The electric vehicle (EV) maker, Rivian, reported robust fourth-quarter results, surpassing Wall Street earnings expectations and achieving its first-ever gross quarterly profit of $170 million. However, the EV maker anticipates lower sales for 2025, forecasting deliveries between 46,000 to 51,000 units. This move would be a decrease from the previous 51,779 units delivered in 2024.
In addition, the EV maker expects to narrow its adjusted losses to between $1.7 billion and $1.9 billion for 2025, down from a $2.69 billion loss in the previous quarter.
Although the EV maker posted positive earnings, Rivian’s stock closed lower, down 2.3% after-hours, following the company’s earnings call. CEO RJ Scaringe cited uncertainty in the automotive market, particularly the potential removal of federal incentives for EVs and tariff policies, as factors that could impact future performance.
Looking ahead, Rivian plans to increase its capital expenditures from $1.6 billion to $1.7 billion in 2025 as it prepares to launch its new “R2” midsize vehicles in 2026. The company expects its Normal, Illinois plant to be idled for retooling during the second half of the year.
In the fourth quarter, Rivian’s revenue reached $1.73 billion, surpassing expectations of $1.4 billion.
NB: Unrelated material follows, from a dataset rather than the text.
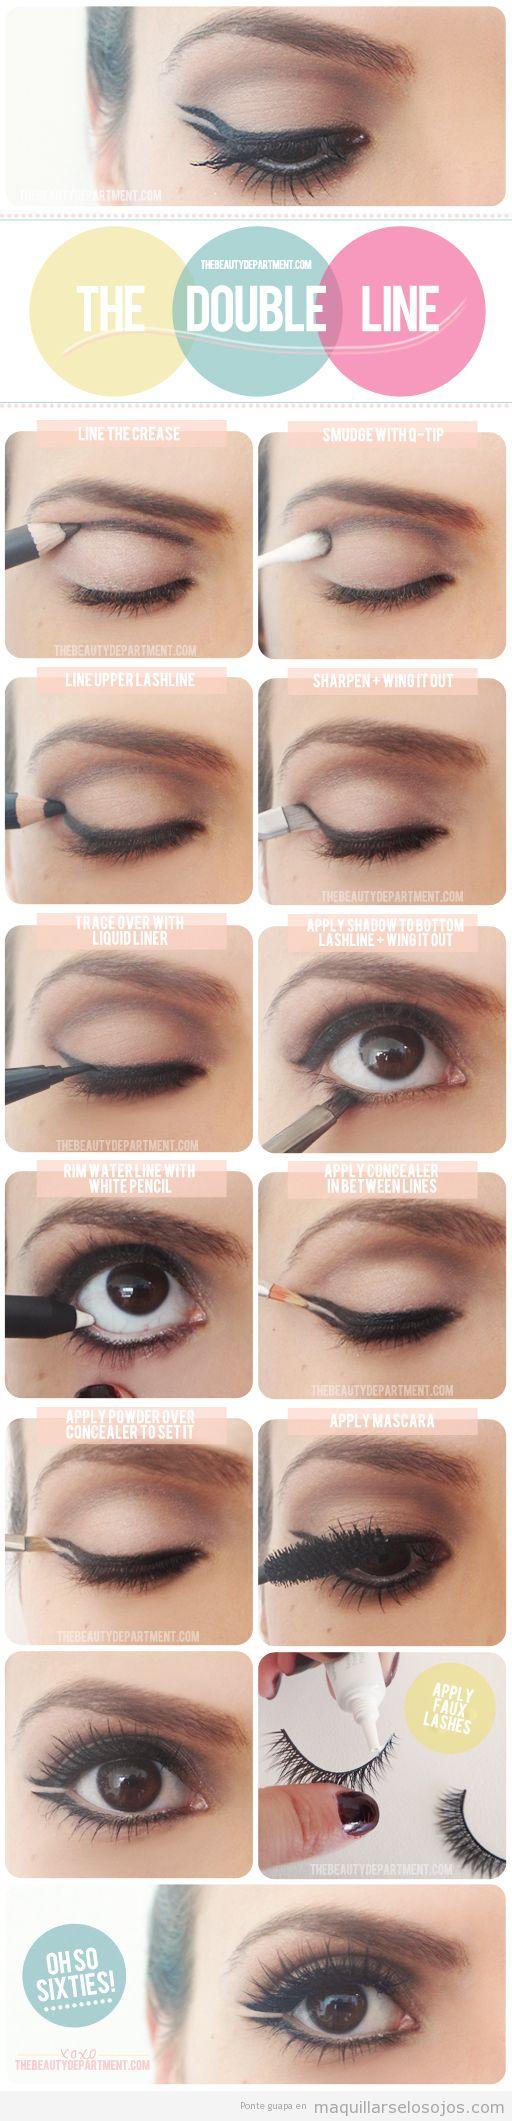 Tutorial con fotos para aprender cómo dibujar una línea doble de ojos con eyeliner
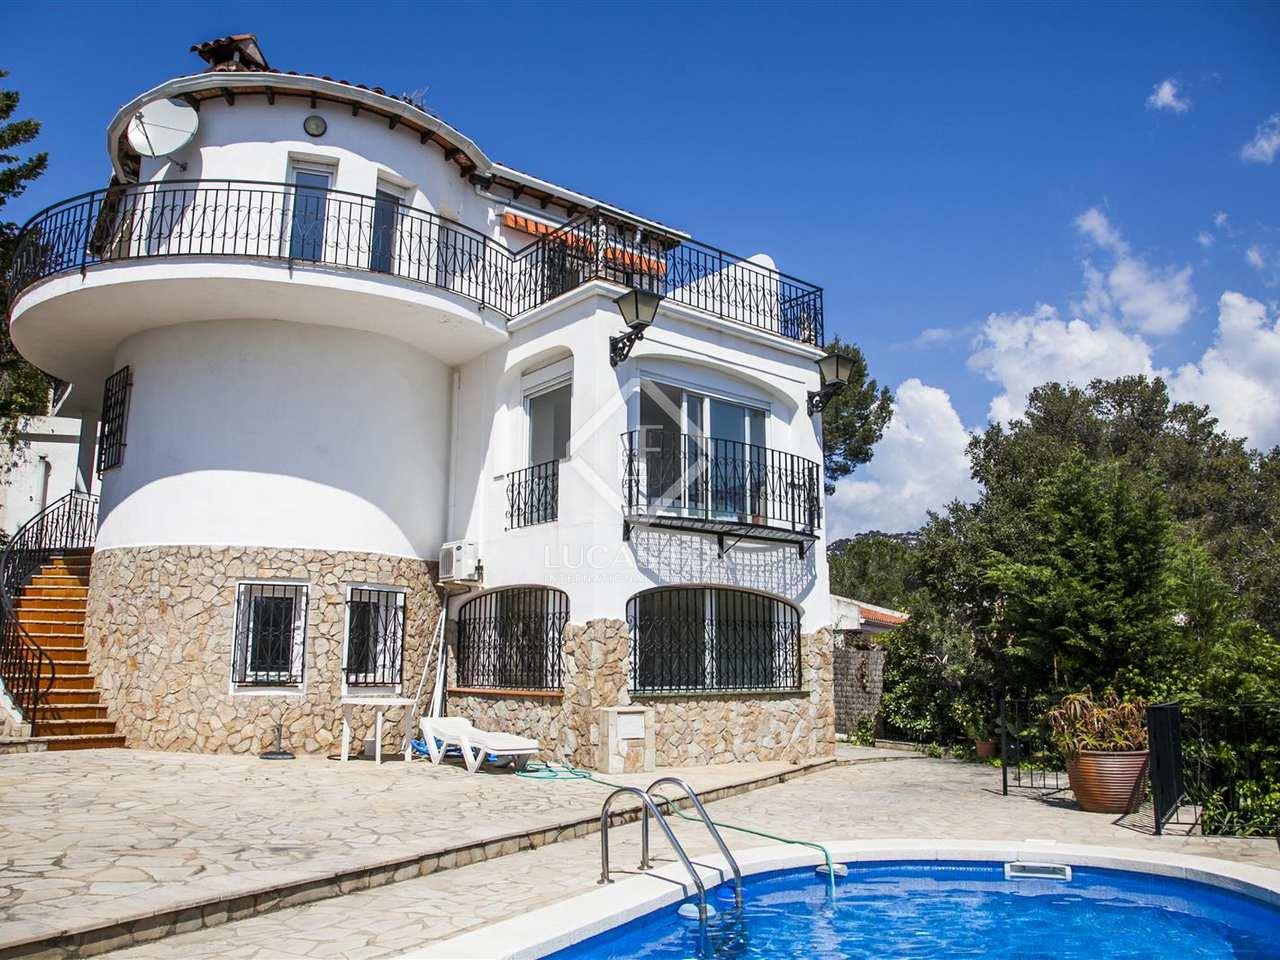 Maison villa de 210m a vendre lloret de mar tossa for Location maison lloret del mar avec piscine

This was partially due to $299 million from regulatory credits and $214 million in software and services revenue. Rivian’s net loss for the quarter was $743 million (or 70 cents per share), a significant improvement from the $1.52 billion loss in the same period the previous year.
For the full year, Rivian posted a $4.75 billion loss, with revenue of $4.97 billion, reflecting a 12% increase.